ISO 13485:2016—Getting Ready for Changes (Part 3)

MasterControl’s Walt Murray, a certified lead auditor in QMS standards, wraps up this series on the ISO 13485:2016 changes.

Released by MasterControl
By MasterControl09.16.16


ISO 13485 is an international management standard developed specifically for medical device manufacturers. It provides a harmonized model for creating and maintaining an effective quality management system (QMS) for the design and manufacture of medical devices. In 2016, ISO 13485 was revised to address suppliers and incorporate risk. ISO 13485:2016 explicitly requires device makers to apply a risk-based approach to all quality processes, including outsourced processes, as well as more structure to validation, verification, and design transfer.
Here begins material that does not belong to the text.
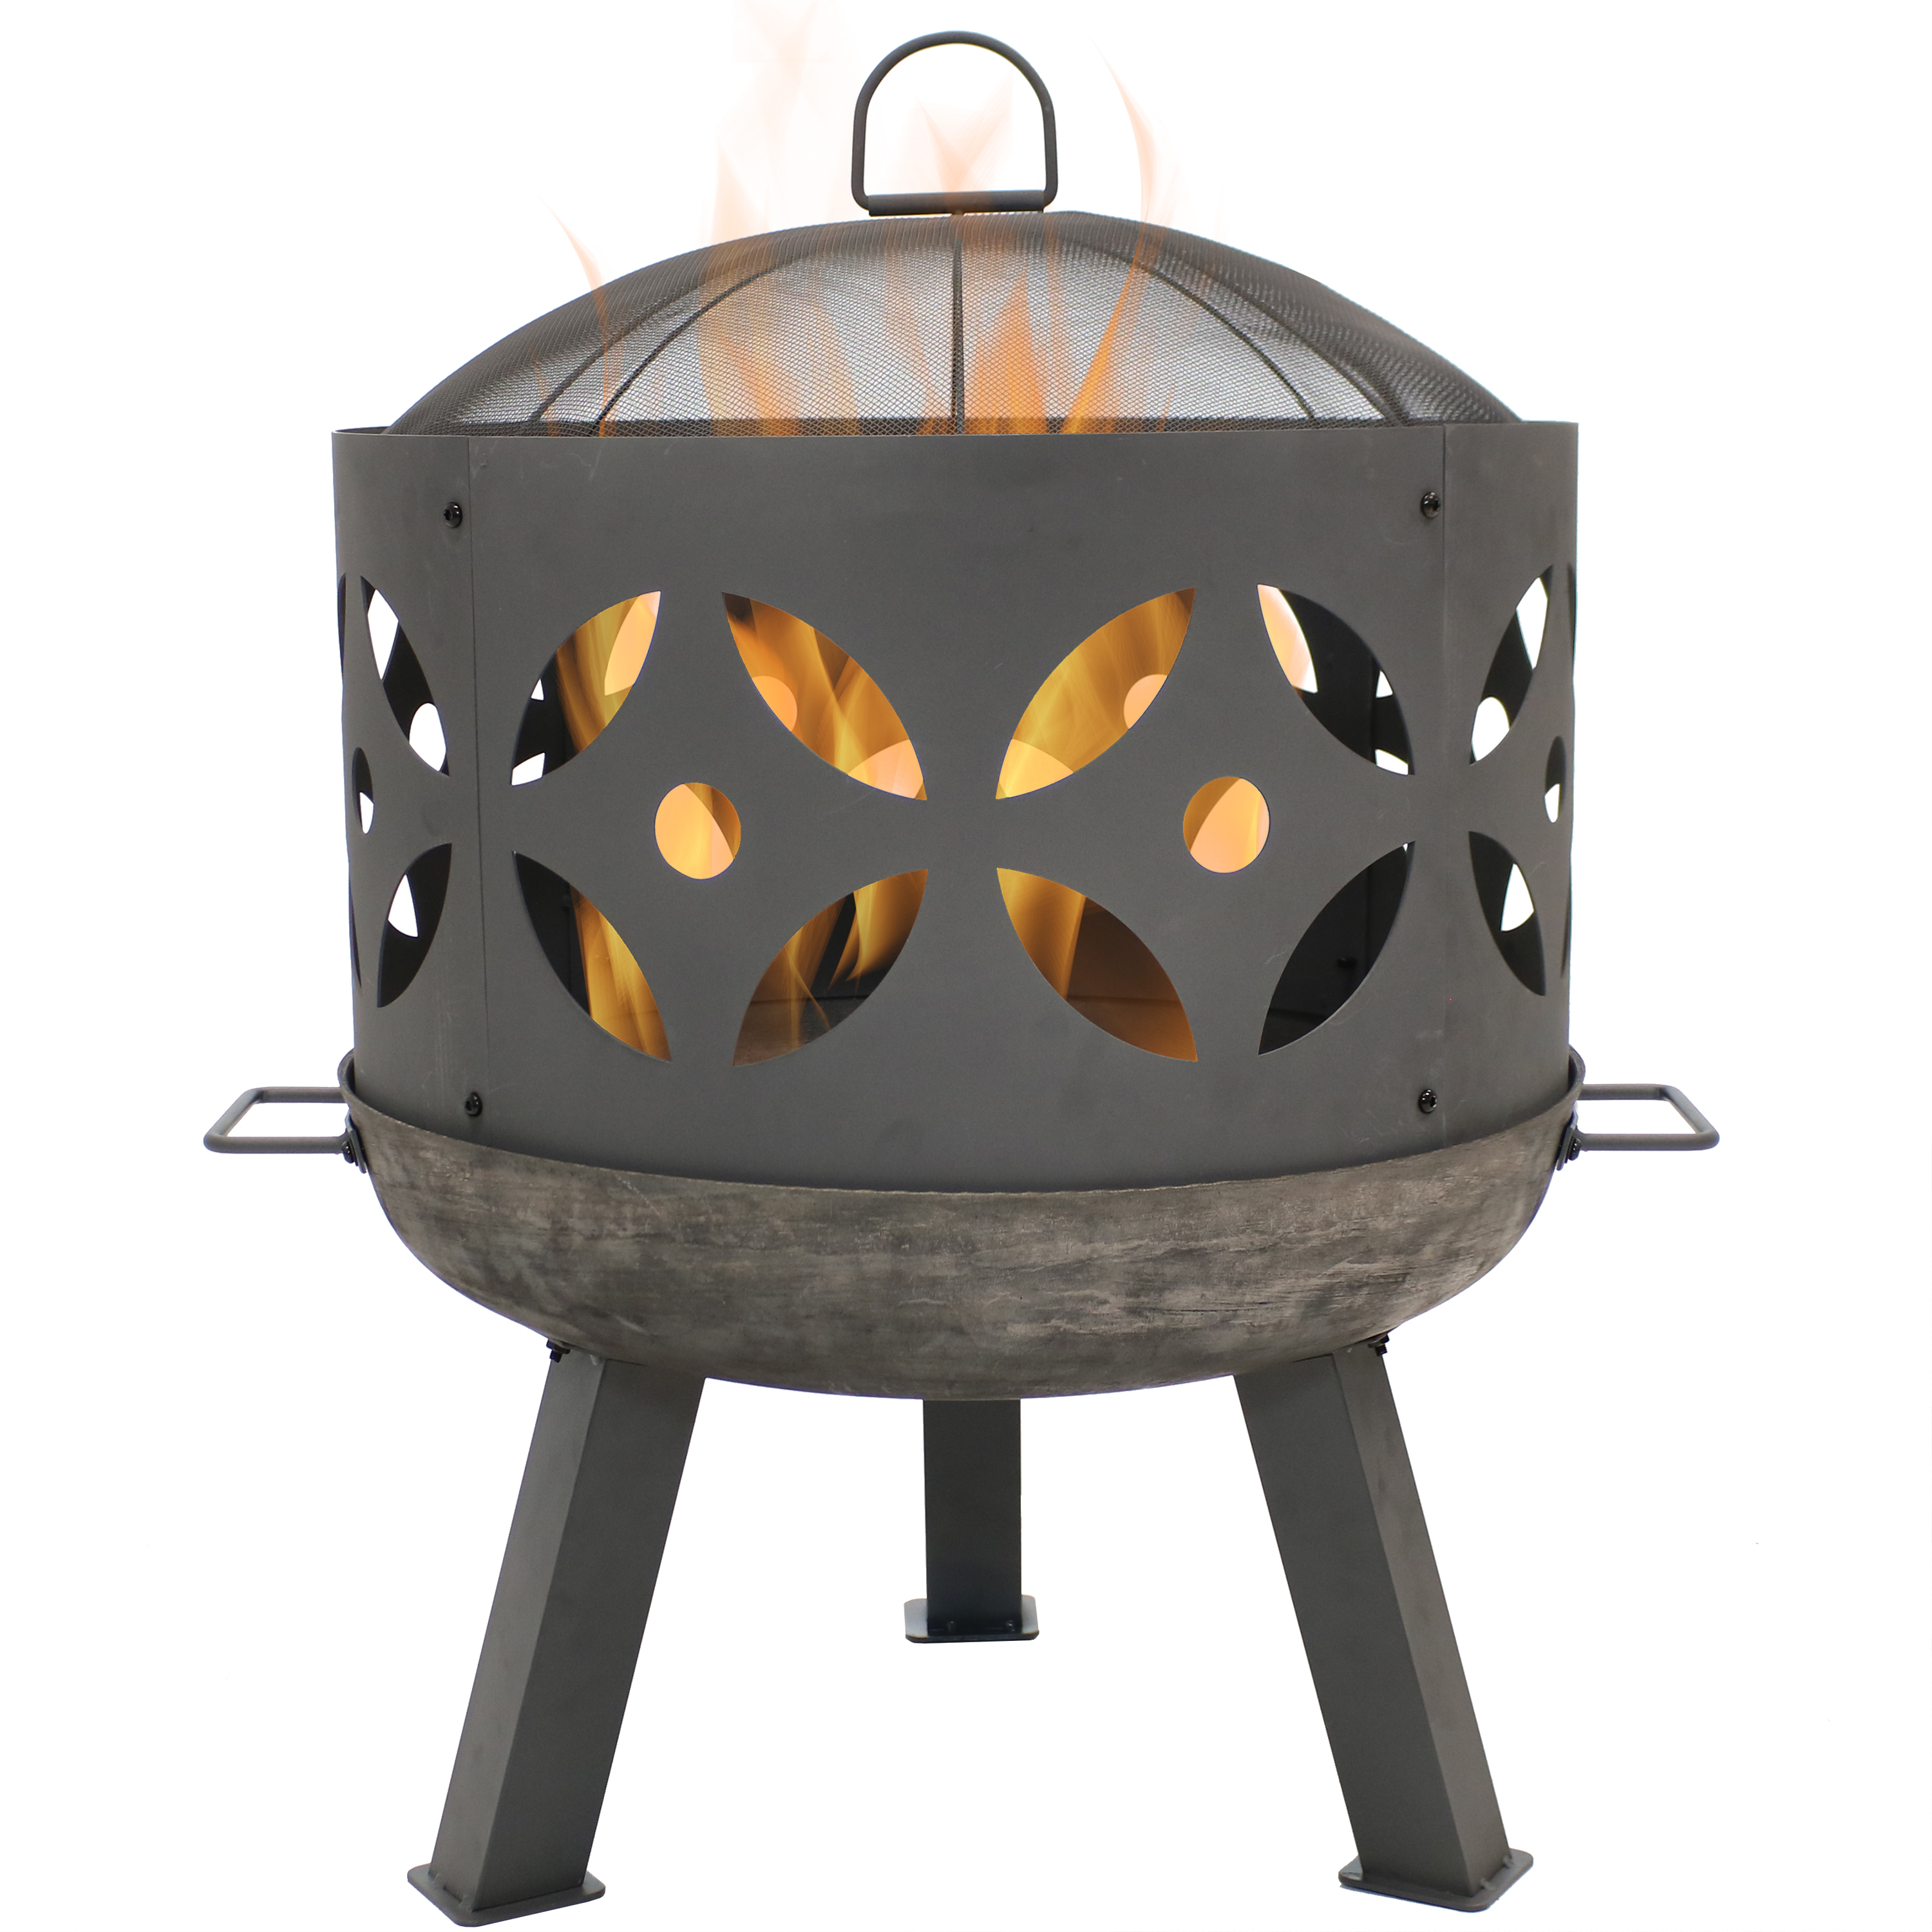 Sunnydaze Retro Cast Iron Fire Pit with Spark Screen - 26-Inch

ISO 13485:2003-certified companies have three years to transition to ISO 13485:2016.
 
In the final installment of a three-part series, MasterControl’s Walt Murray, a certified lead auditor in QMS standards, wraps up the critical issues of the ISO 13485 standard for medical device manufacturers. If you haven't yet watched part 1, you can do so here. Part 2 of this series is available here.

Also, Walt will be attending the MPO Summit in Austin. If you're interested in scheduling an appointment with him at the event, reach out to him at walt.murray@arcexperts.com.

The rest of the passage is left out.